Chariot Rythmes & Sons © Christophe Urbain
Photo : Christophe Urbain

Des caisses pour Sébastien Loeb

Au milieu des années 1980, le marché du flight-case est encore balbutiant dans l’Hexagone alors que la plupart des prestations nécessitant du son et des lumières sont assurées par des sociétés britanniques. Le boom de l’événementiel va cependant lui donner l’occasion de faire valoir son expertise sur le transport et l’emballage de matériel. « Aujourd’hui, tout est événementiel. Dans l’automobile, la présentation d’un nouveau modèle va générer un spectacle avec du son et des lumières. Même chose pour les défilés de mode », détaille Claude Walter.

À côté de cela, son entreprise fabrique, répare et commercialise des percussions ainsi que du mobilier d’orchestre allant de la chaise à l’éclairage de pupitre. L’Orchestre de Radio France, son homologue de l’Opéra Bastille, le Berliner Philharmoniker et l’Orchestre Bolivar figurent dans le carnet d’adresses de Rythmes et Sons. 
Depuis, il convient d’y ajouter Dior, Thales ou encore l’écurie de Sébastien Loeb. Non pas que le nonuple champion du monde des rallyes se soit laissé aller à pousser la chansonnette, mais il cherchait une solution pour transporter ses disques de frein en carbone en toute sécurité.
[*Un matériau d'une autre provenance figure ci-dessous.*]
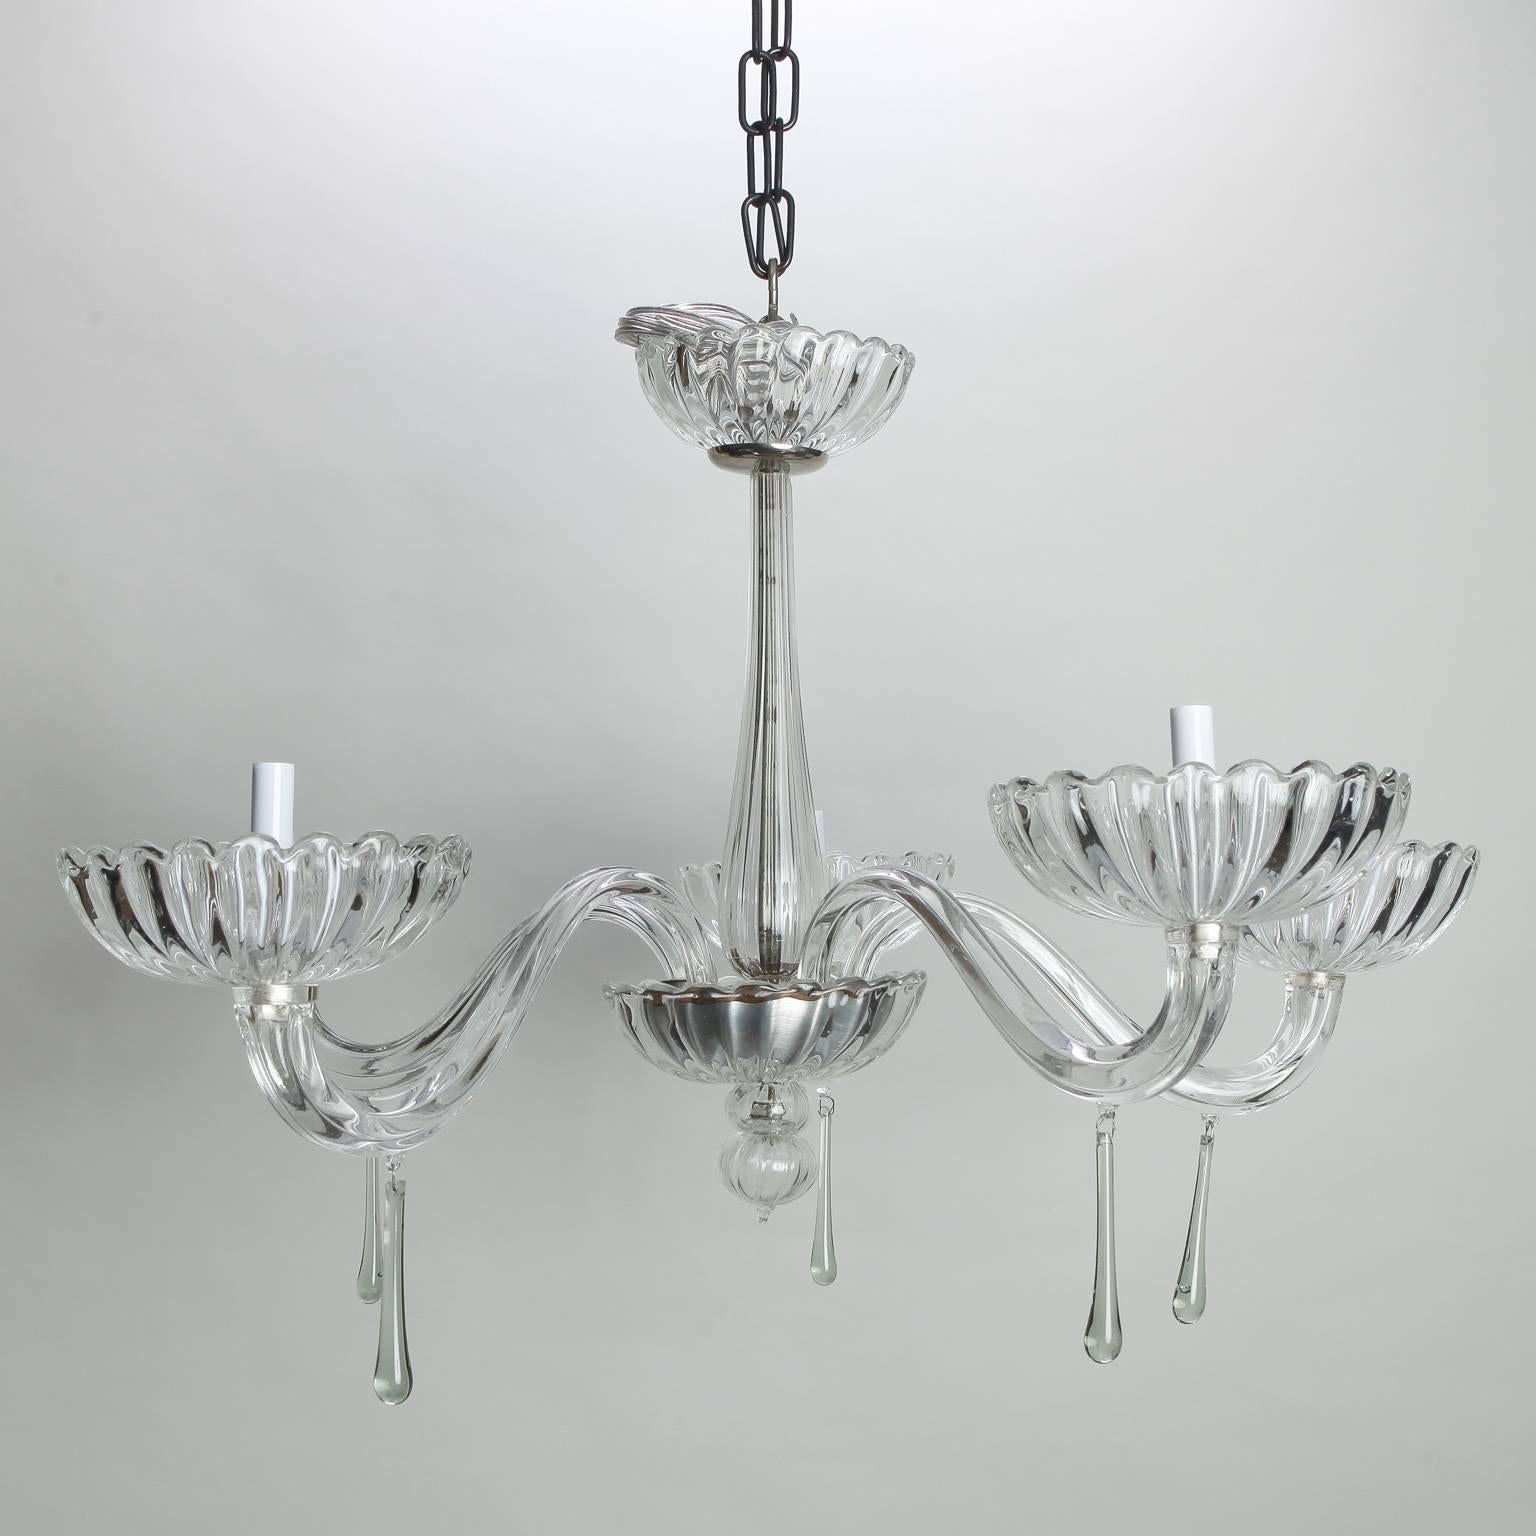 Clear Murano glass chandelier has elegant lines with five arms and ribbed bobeches, circa 1960s, long slender drops and a clear glass ceiling canopy. Excellent vintage condition with new wiring for US electrical standards.
               

Pour ses prestigieux clients, les équipes de Rythmes & Sons établissent des produits sur-mesure selon les préceptes de l’artisanat. Une fierté pour le clan Walter. « Ce qui est important, c’est d’essayer de comprendre les gens et de leur proposer des solutions. Nous avons une obligation de résultats en matière de sécurité et il serait extrêmement dangereux de pouvoir penser que l’on peut s’en soustraire », reconnaît Claude. La meilleure illustration de cette philosophie se trouve vraisemblablement chez Thales, groupe d’électronique spécialisé dans l’aérospatial, dont le retour fut élogieux : aucune caisse cassée et zéro blessé recensé l’an dernier. Ergonomie toujours.

Ce nouveau virage pris par la société bas-rhinoise devrait bientôt être symbolisé par la création d’une nouvelle entité commerciale à destination de clients pas forcément portés sur la grande musique. « L’image de Rythmes & Sons est plutôt reconnue et bonne dans le monde de l’évènementiel. En revanche, on a un déficit de crédibilité vis-à-vis de l’industrie », souligne M. Walter.

Surtout que le besoin de trouver de nouveaux débouchés repose sur un triste constat. « En Europe, la pratique de la musique est en recul malgré des infrastructures conséquentes, développe-t-il. C’est aussi une tendance culturelle, l’apprentissage de la pratique musicale est quelque chose d’ingrat qui demande beaucoup de travail et implique des sacrifices personnels qui sont moins dans l’air du temps. En France, on ne l’aborde pas de manière suffisamment ludique. On ne demande pas aux jeunes ce qu’ils ont envie de jouer tout en insistant sur la connaissance parfaite du solfège. Il faudrait réajuster cela dans le but de favoriser la pratique ». Sur le coup, les cloches de Francfort, situées en contrebas, n’ont pas bronché.

Atelier Rythmes & Sons © Christophe Urbain
Photo : Christophe Urbain

Esprit de famille

Sur les 25 salariés de Rythmes & Sons, la famille Walter représente 20% de l’effectif. « On n’a pas élevé nos enfants dans l’idée qu’ils allaient travailler un jour avec nous. Quand on y pense, c’est même dangereux par rapport à l’incertitude de l’économie », indique Claude Walter. Dans ses locaux d’Illkirch-Graffenstaden, le patriarche est accompagné de Catherine, son épouse, qui s’occupe de l’administration. À cela s’ajoutent ses trois enfants : Chloé, commerciale, Adeline, en charge du marketing et de la communication, ainsi que Terry qui réalise des crash-tests dans le bureau d’études. La famille précise cependant que la force principale de l’entreprise est d’avoir su s’entourer d’une équipe dynamique et pluridisciplinaire dont l’entente fait la performance.